America is easing open the gates for Chinese acquirers. A key (and opaque) US national security panel gave a real estate firm the all-clear to purchase Genworth Financial Inc., an insurer specializing in long-term care, after the Beijing-based company gave assurances on data privacy.
The weekend nod from the Committee on Foreign Investment in the US for China Oceanwide Holdings Group Co., a Hong Kong unit of Oceanwide Holdings Co., to take over Genworth pushes forward what looks like the biggest China deal since Donald Trump became president. It also gives hope for other M&A.
While further regulatory approvals are needed, the endorsement from CFIUS after multiple refilings since Oceanwide signed the deal in October 2016 will cheer bankers and mainland firms struggling to crack national-security scrutiny under Trump. The concession that secured CFIUS’s goodwill was a pledge that personal data of Genworth’s American policyholders will sit with a US-based third-party service provider.
Data privacy isn’t just a US concern: The European Union’s own stringent regime, the GDPR, governing the collection and use of information came into effect last month, and India is drafting new privacy laws that will establish whether users can access and control their own data.
But an obsession with potential Chinese control of data has been a sticking point under Trump and effectively froze acquisitions in the last year and a half. For example, Jack Ma’s Ant Financial abandoned its biggest US deal, a plan to buy MoneyGram International Inc., after failing to persuade CFIUS that information on US military personnel who use the service would be safe.

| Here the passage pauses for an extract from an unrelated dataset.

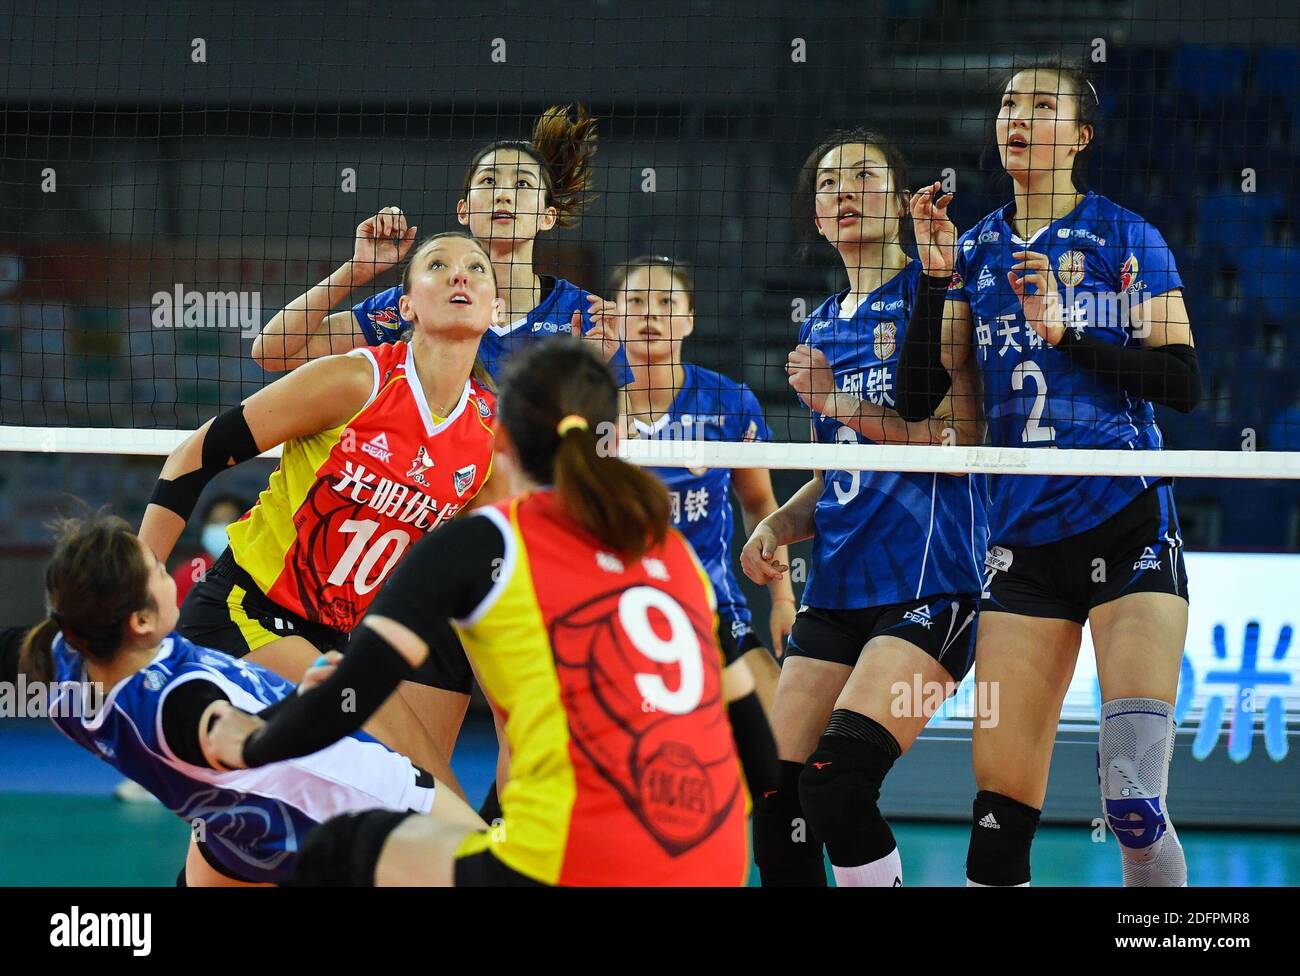 Jiangmen, China's Guangdong Province. 6th Dec, 2020. Players of both sides compete during the Goup D match between Shanghai team and Jiangsu team at the thrid stage of the 2020-2021 season Chinese Women's Volleyball Super League in Jiangmen, south China's Guangdong Province, Dec. 6, 2020. Credit: Liu Dawei/Xinhua/Alamy Live News Stock Photo
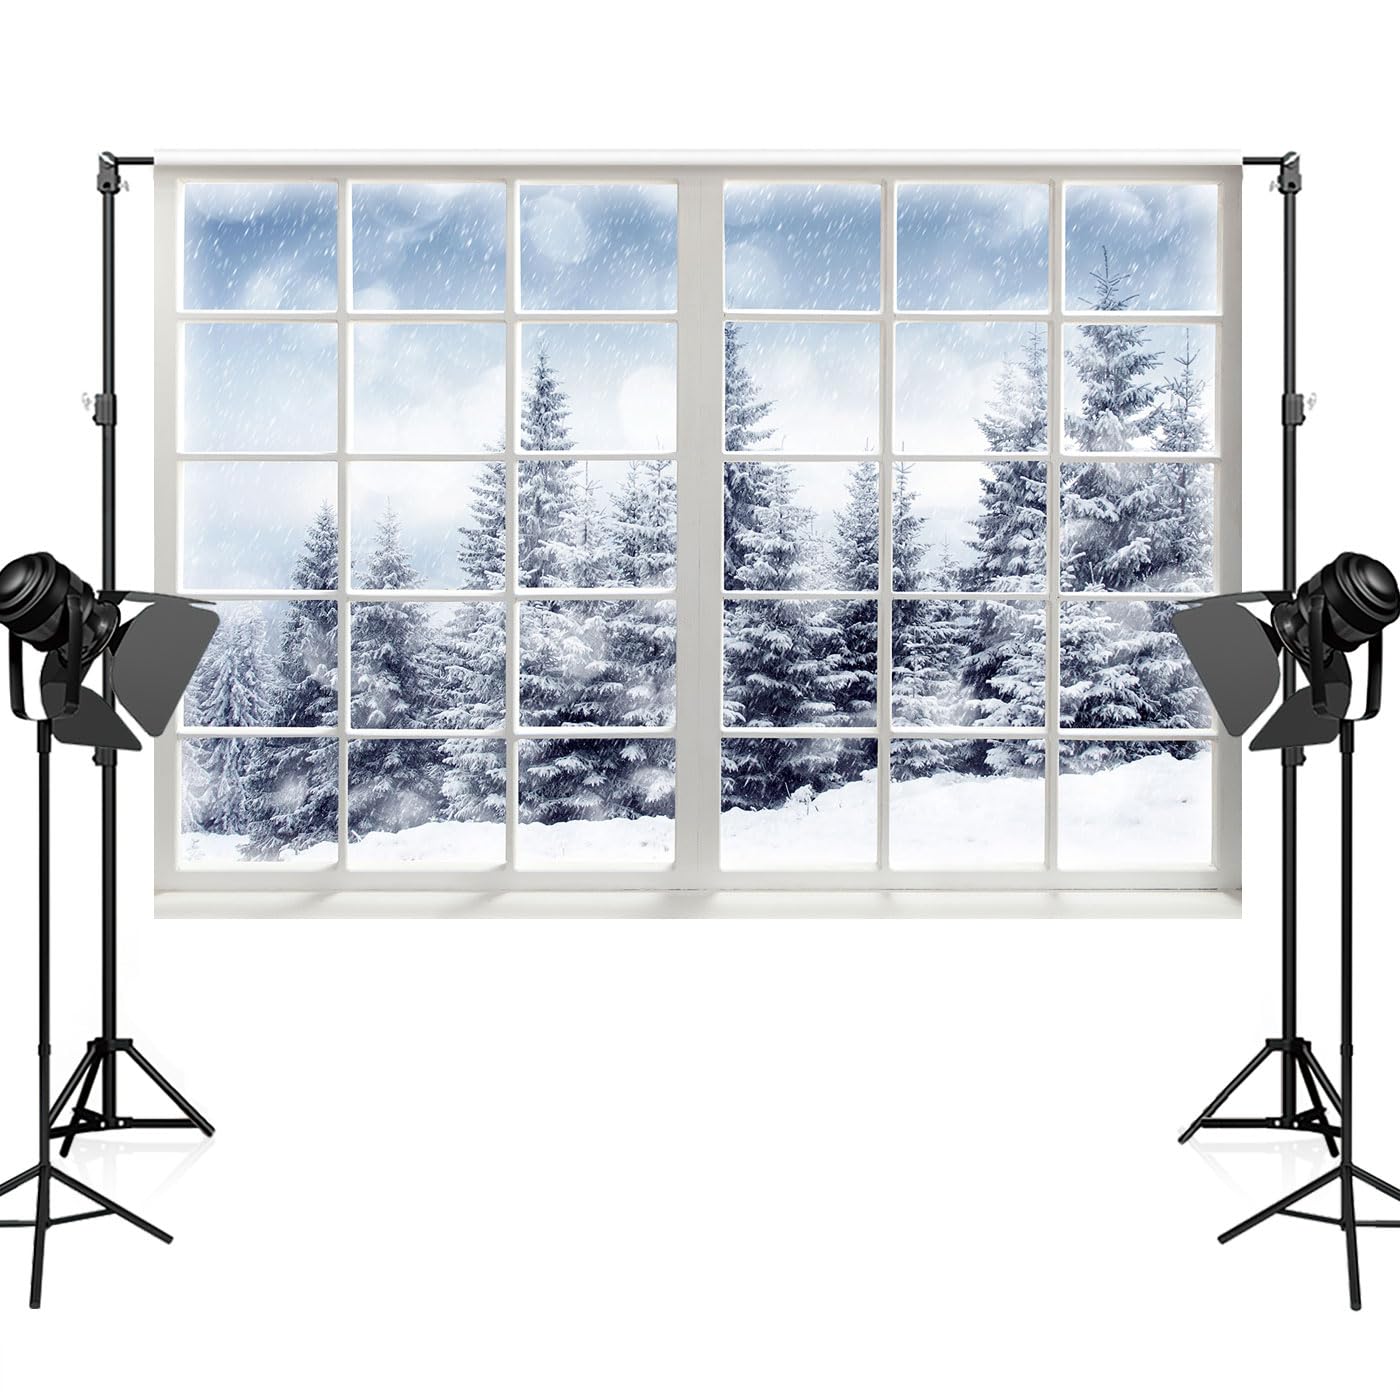 7x5ft Winter Wonderland Forest Scene Backdrop for Photography Christmas Party Decoration

For Genworth, the timing is propitious: Oceanwide has promised a $1.5 billion cash infusion as the insurer struggles with declining revenue. Its long-term care business is grappling with policyholders living longer, while investment income is being squeezed by low interest rates, forcing providers to raise premiums.
China Oceanwide wins, too. Its real estate core needs a shakeup, with funding crimped by Beijing’s deleveraging campaign, as the company takes on a huge commercial complex in Los Angeles. Long-term insurance may be coming off its peak in the US, but it’s sure to grow in China as the nation only now comes to terms with its aging population. The government may eventually push for long-term care cover as it builds out the insurance industry.

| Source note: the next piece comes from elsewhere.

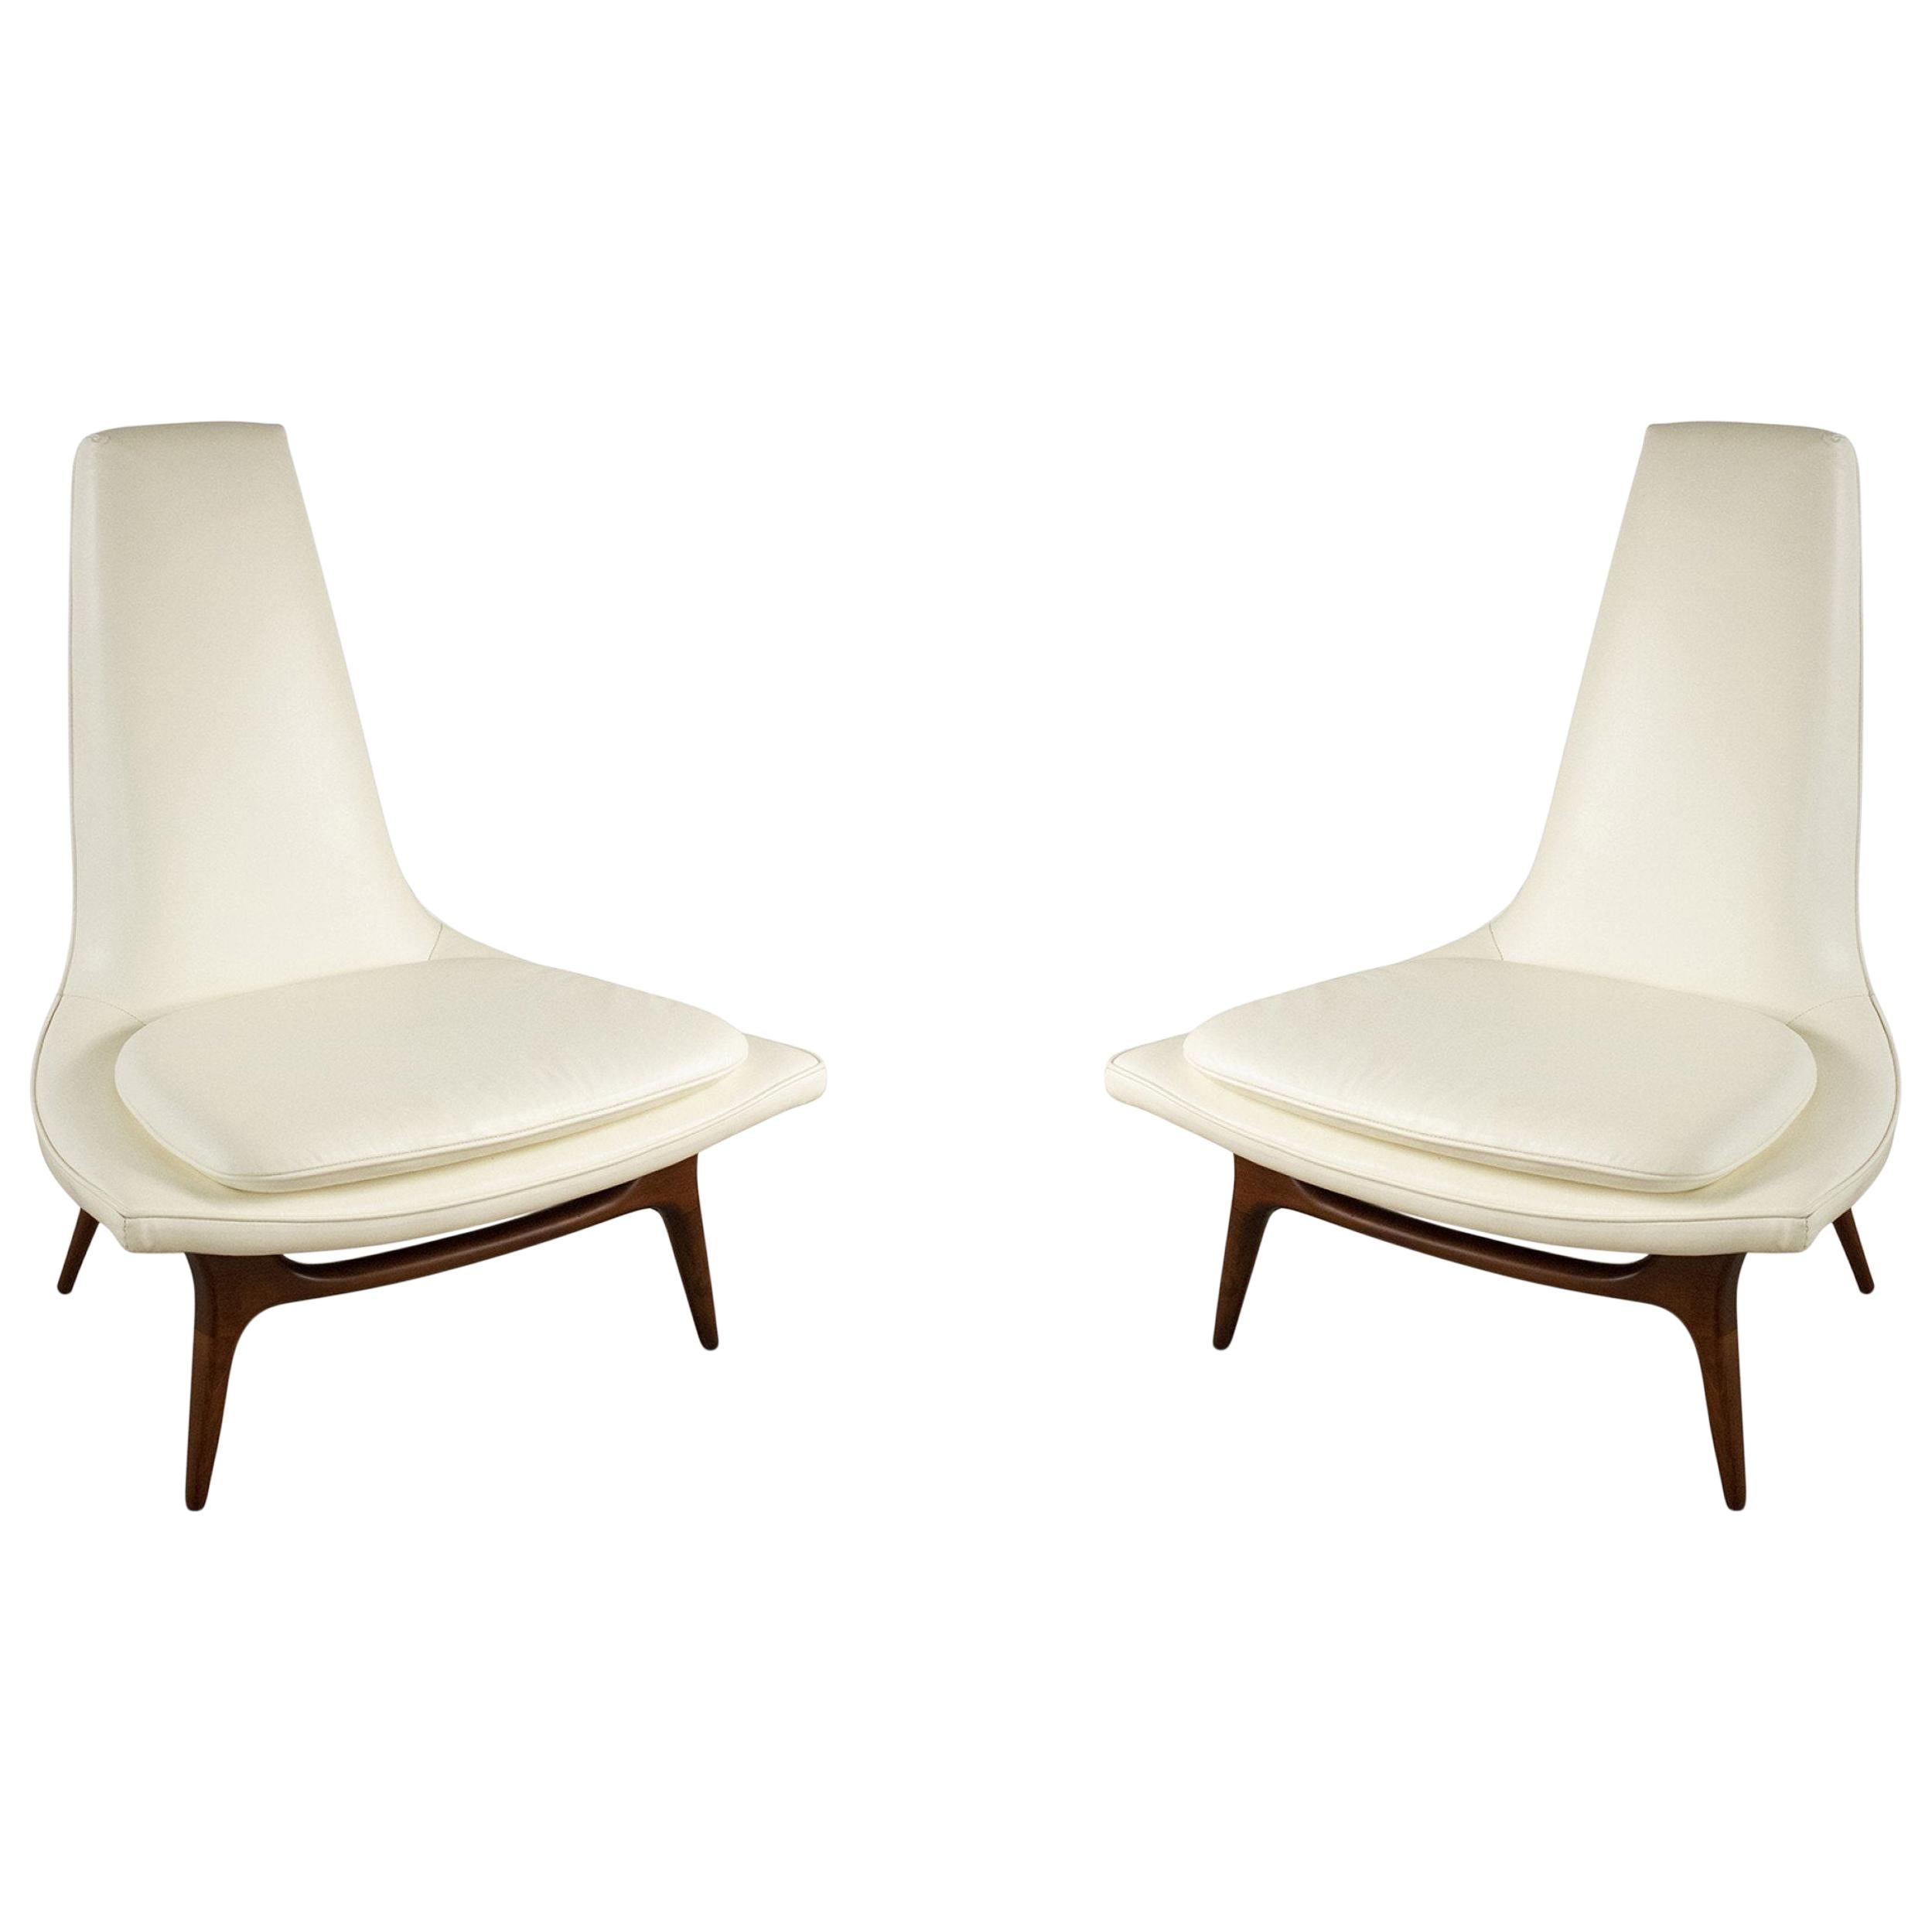 Pair of Midcentury Karpen Walnut Lounge Chairs with White Vinyl For Sale

Oceanwide Chairman Lu Zhiqiang acknowledged that point in his statement outlining CFIUS: The deal will help “bring Genworth’s insurance
expertise to China.”
None of this suggests that Chinese acquirers will suddenly have an easy time in the US, especially where technology is involved: Washington and Beijing are at loggerheads over not just trade but also the fate of mainland telecom stars like ZTE Corp.
But there’s an important lesson here for acquirers and their bankers: Getting it right with the data of US citizens should be a key lesson in any China banker’s playbook outside the tech space.